**** RECORDS FOR THE TASK

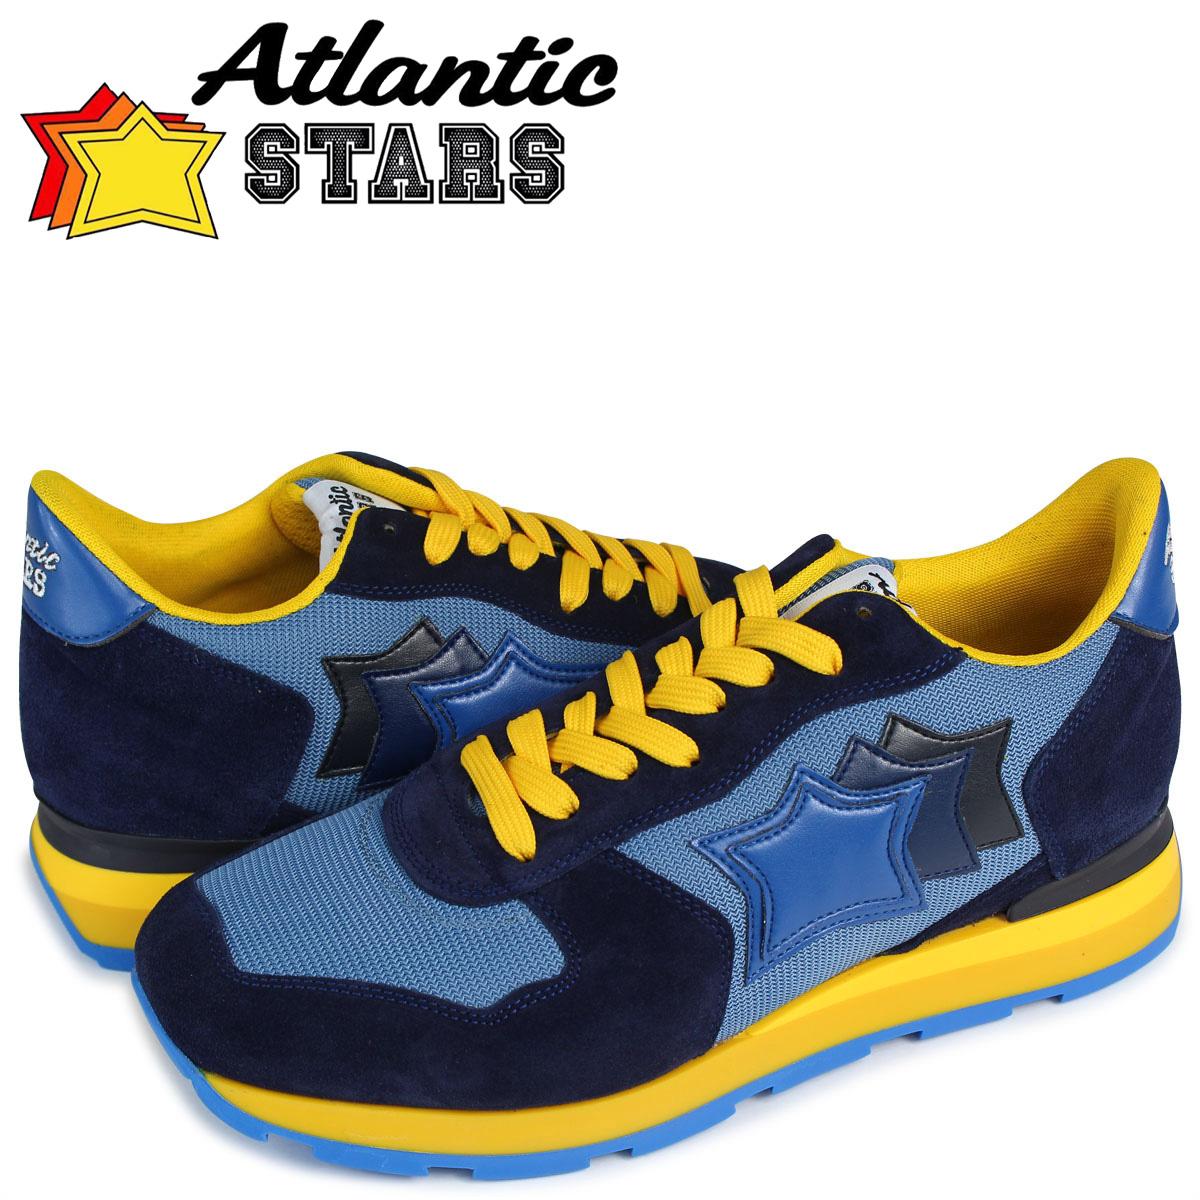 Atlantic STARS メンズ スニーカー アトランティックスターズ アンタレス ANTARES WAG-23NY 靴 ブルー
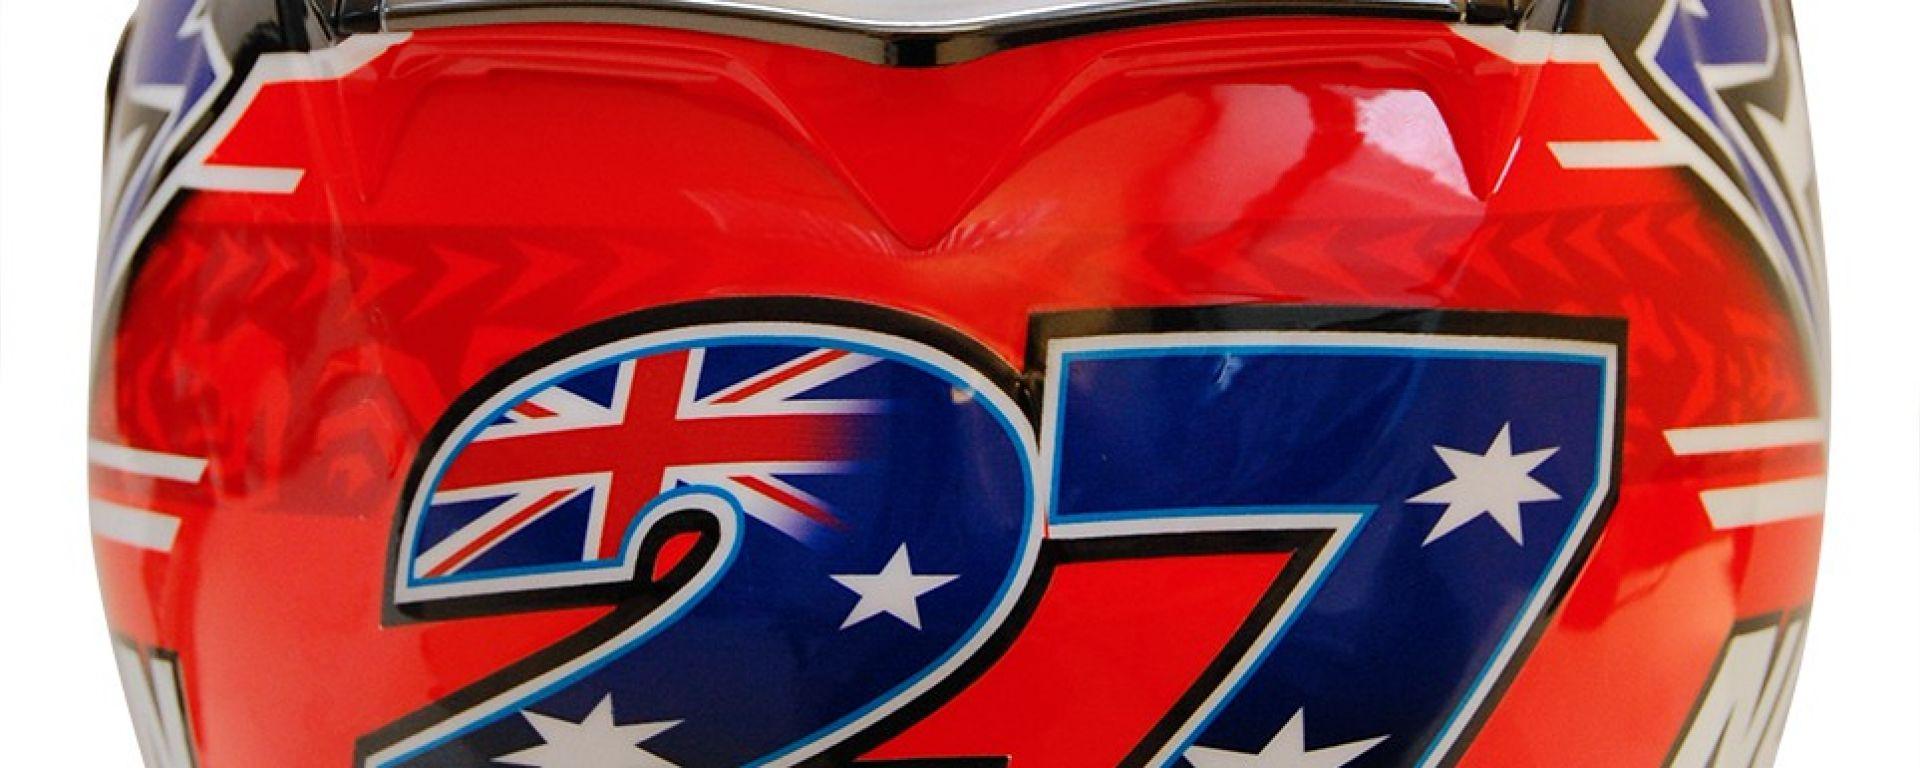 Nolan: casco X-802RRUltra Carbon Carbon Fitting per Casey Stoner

********
**** RECORDS FOR THE TASK

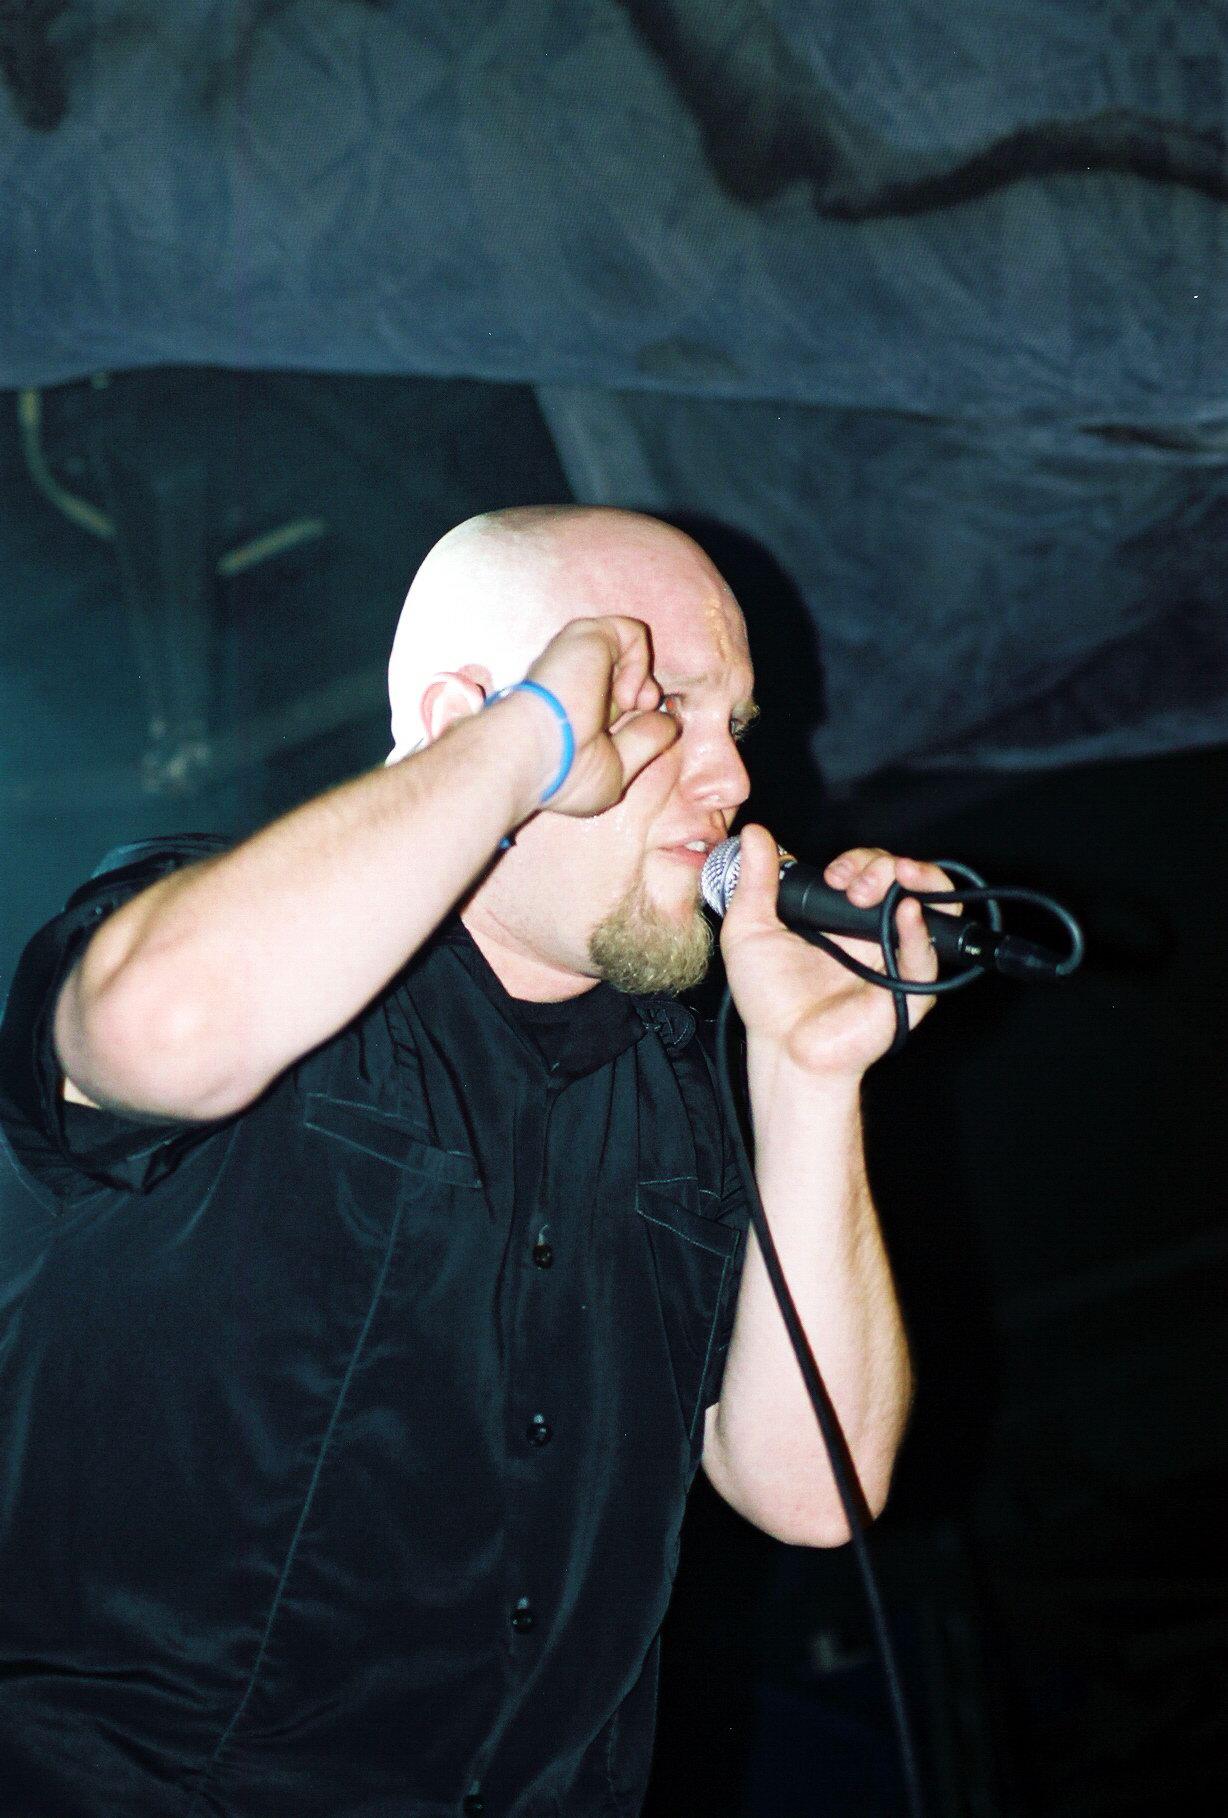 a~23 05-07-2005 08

********
**** RECORDS FOR THE TASK

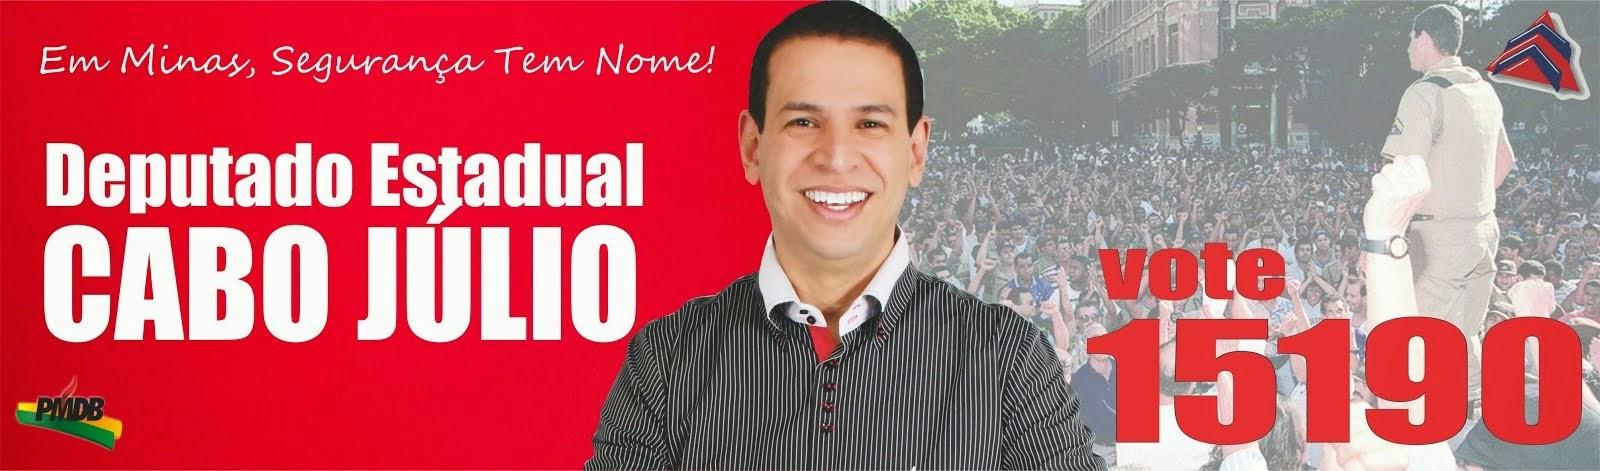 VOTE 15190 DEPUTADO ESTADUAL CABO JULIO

********

• [TO DO]:
Extract, without any images, the part of the material above that opens with the line containing "Atlantic STARS メンズ" and closes with the line containing "Nolan: casco X-802RRUltra", both lines included.

• [TASK RESPONSE]:
 Atlantic STARS メンズ スニーカー アトランティックスターズ アンタレス ANTARES WAG-23NY 靴 ブルー
 Nolan: casco X-802RRUltra Carbon Carbon Fitting per Casey Stoner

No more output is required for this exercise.